From acl33@hermes.cam.ac.uk Mon, 3 Jun 2002 23:42:57 +0100
Date: Mon, 3 Jun 2002 23:42:57 +0100
From: Alan Lawrence acl33@hermes.cam.ac.uk
Subject: [CST-2] Graphics: Subdivision Schemes

Does anyone have any notes on the interpolating subdivision schemes (for 
2d or 3d)? i.e. what coefficients etc.....I remember him lecturing it 
but the notes don't have any info on these....

Cheers,

Alan

-----------------
This address may soon be terminated, please
use acl@cantab.net instead.






From pjt33@hermes.cam.ac.uk Tue, 4 Jun 2002 00:49:24 +0100 (BST)
Date: Tue, 4 Jun 2002 00:49:24 +0100 (BST)
From: Peter Taylor pjt33@hermes.cam.ac.uk
Subject: [CST-2] Graphics: Subdivision Schemes

> Does anyone have any notes on the interpolating subdivision schemes (for
> 2d or 3d)? i.e. what coefficients etc.....I remember him lecturing it
> but the notes don't have any info on these....

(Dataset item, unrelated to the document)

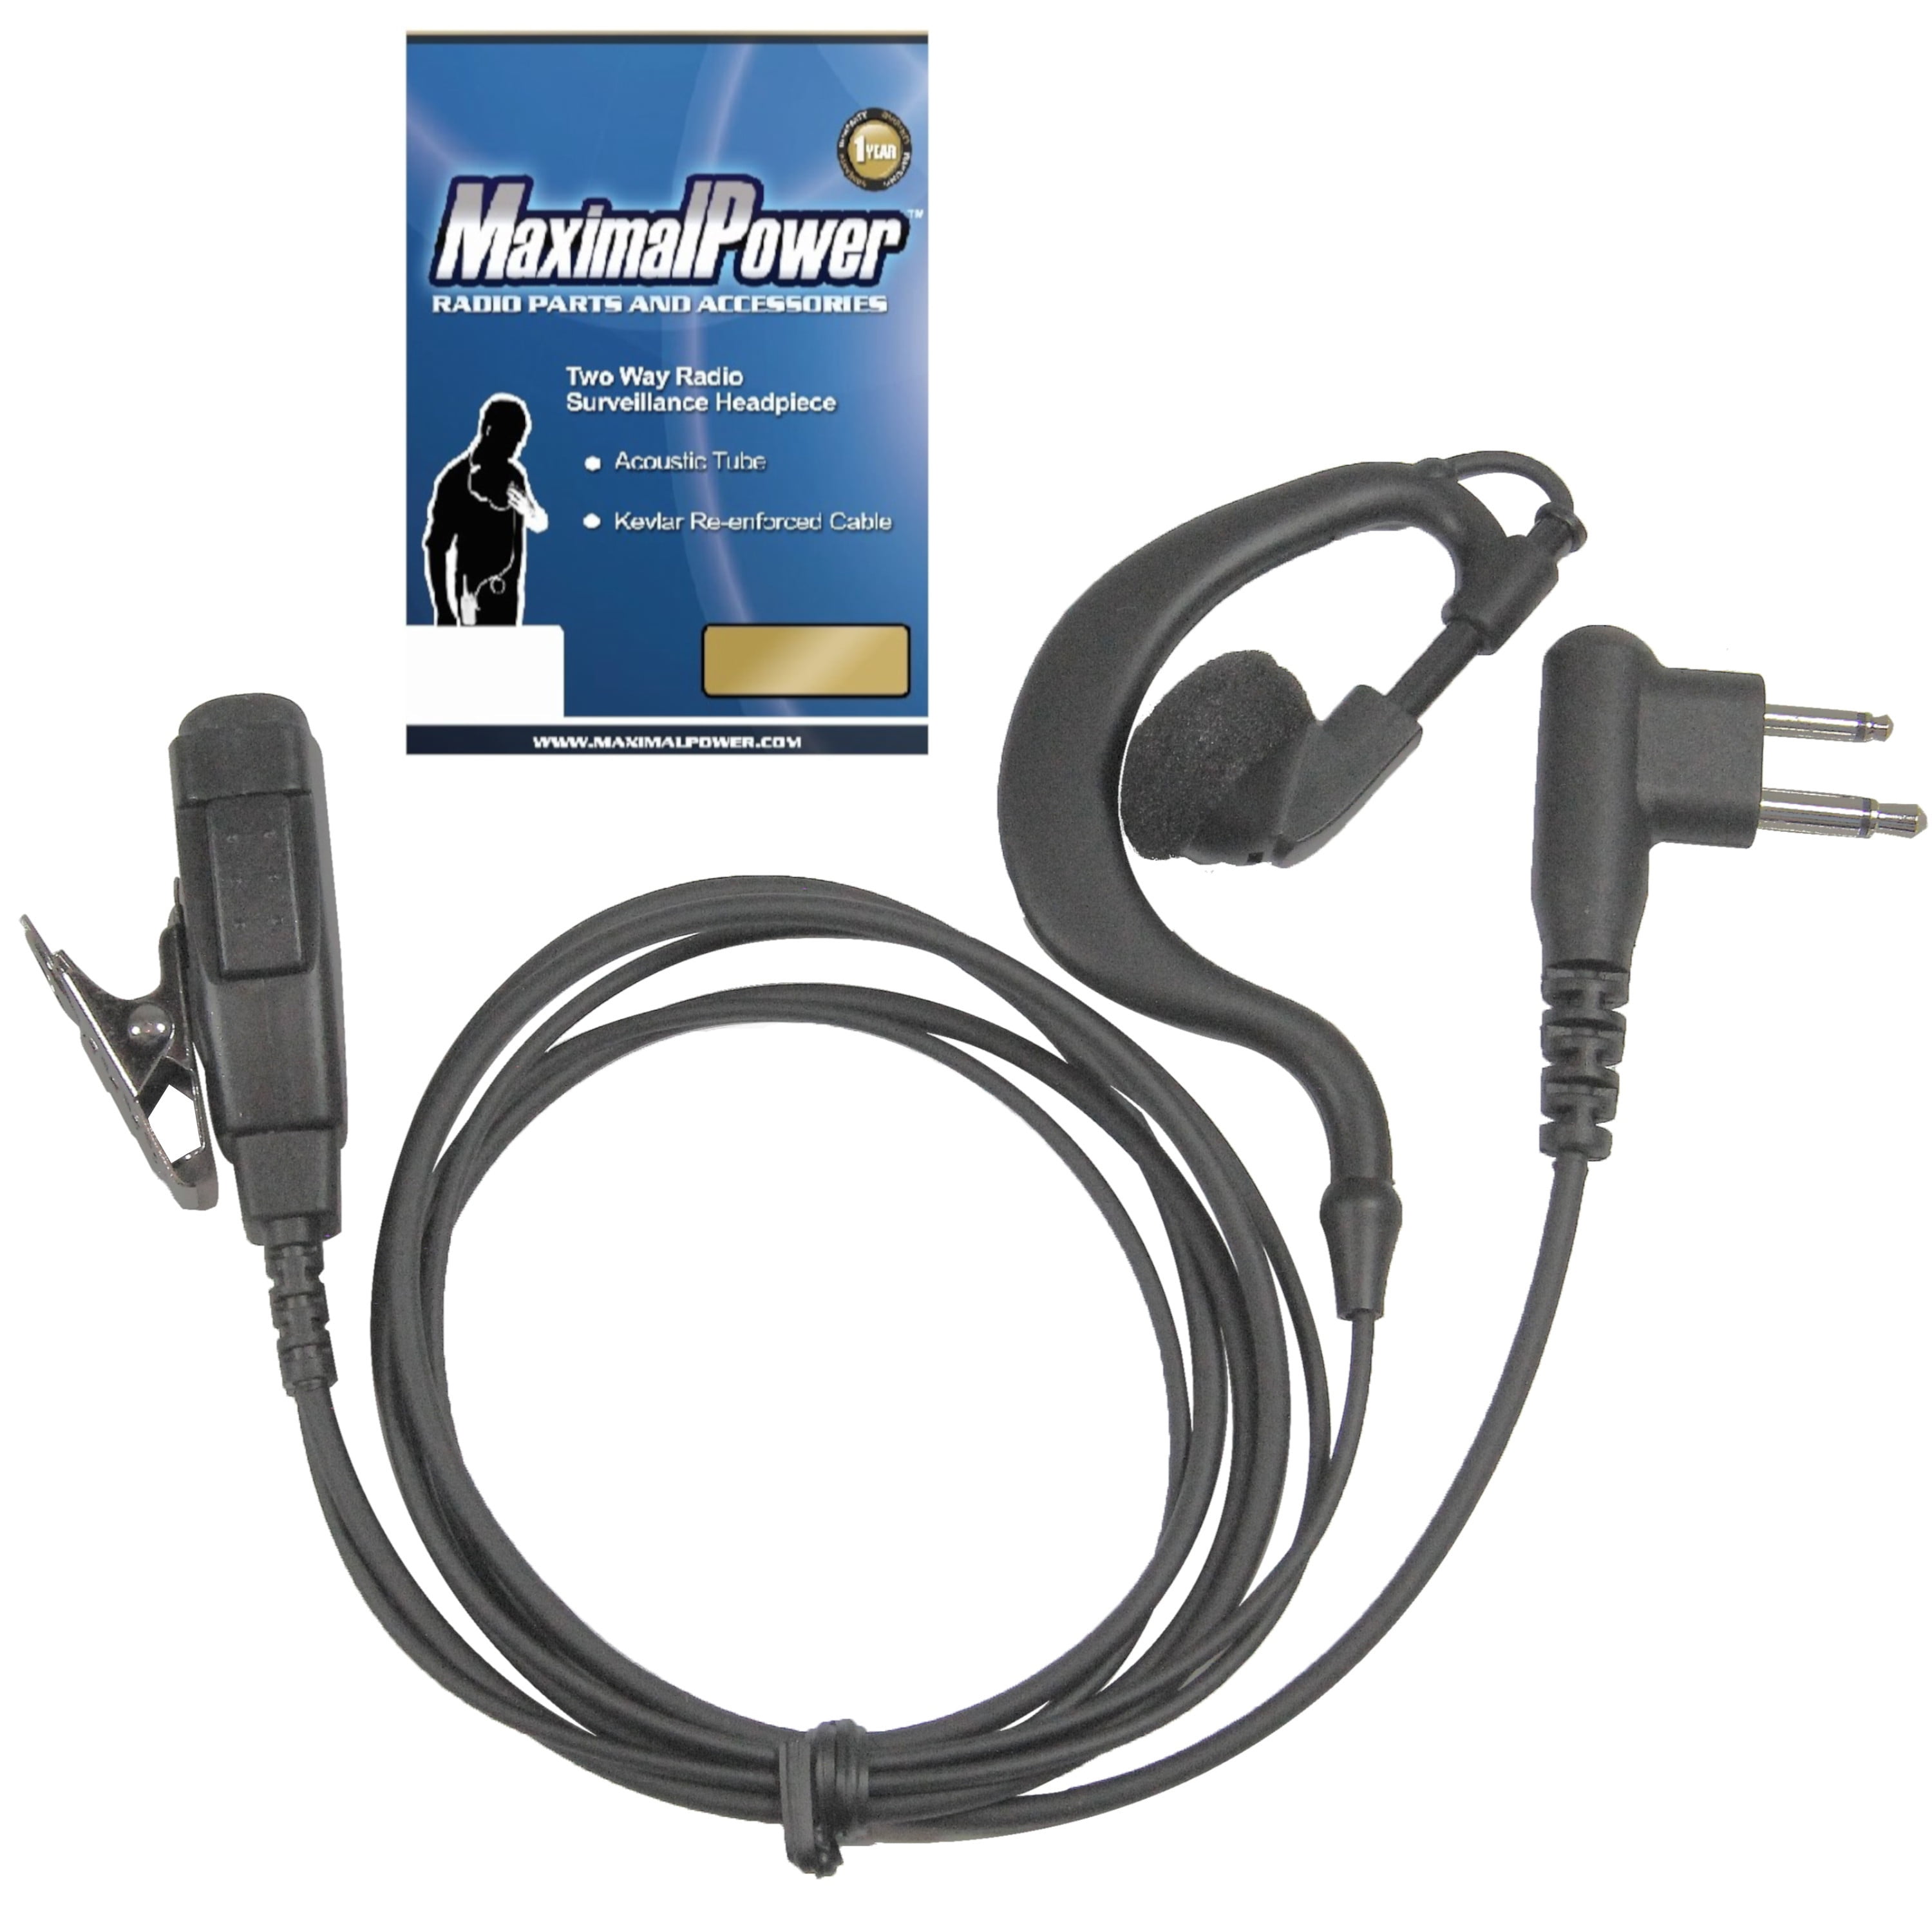 2-Pack HQRP D Shape Earpiece Headset for Motorola CLS1110 CP100 MV11 SV10 XU1100

There is a 2D subdivision scheme which he called "interpolation" - this has
weights (1) and (-1, 9, 9, -1).  The tensor product of this is Kobbelt.
Butterfly is also interpolating.

HTH,
Peter
=====
Peter Taylor
pjt33@cam.ac.uk






From jdjs2@cam.ac.uk Tue, 4 Jun 2002 09:16:57 +0100
Date: Tue, 4 Jun 2002 09:16:57 +0100
From: Jamie Shotton jdjs2@cam.ac.uk
Subject: [CST-2] Graphics: Subdivision Schemes

> 
> > Does anyone have any notes on the interpolating subdivision schemes 
> > (for 2d or 3d)? i.e. what coefficients etc.....I remember him 
> > lecturing it but the notes don't have any info on these....
> 
> There is a 2D subdivision scheme which he called 
> "interpolation" - this has weights (1) and (-1, 9, 9, -1).  
> The tensor product of this is Kobbelt. Butterfly is also 
> interpolating.

In the 1D case of the Kobbelt scheme (i.e. the "4 point method"), how do
you get a point between the first two vertices - do you have to assume
that p_(j-1) is zero?

Good luck everyone,
Jamie






From pjt33@hermes.cam.ac.uk Tue, 4 Jun 2002 17:33:32 +0100 (BST)
Date: Tue, 4 Jun 2002 17:33:32 +0100 (BST)
From: Peter Taylor pjt33@hermes.cam.ac.uk
Subject: [CST-2] As a matter of interest...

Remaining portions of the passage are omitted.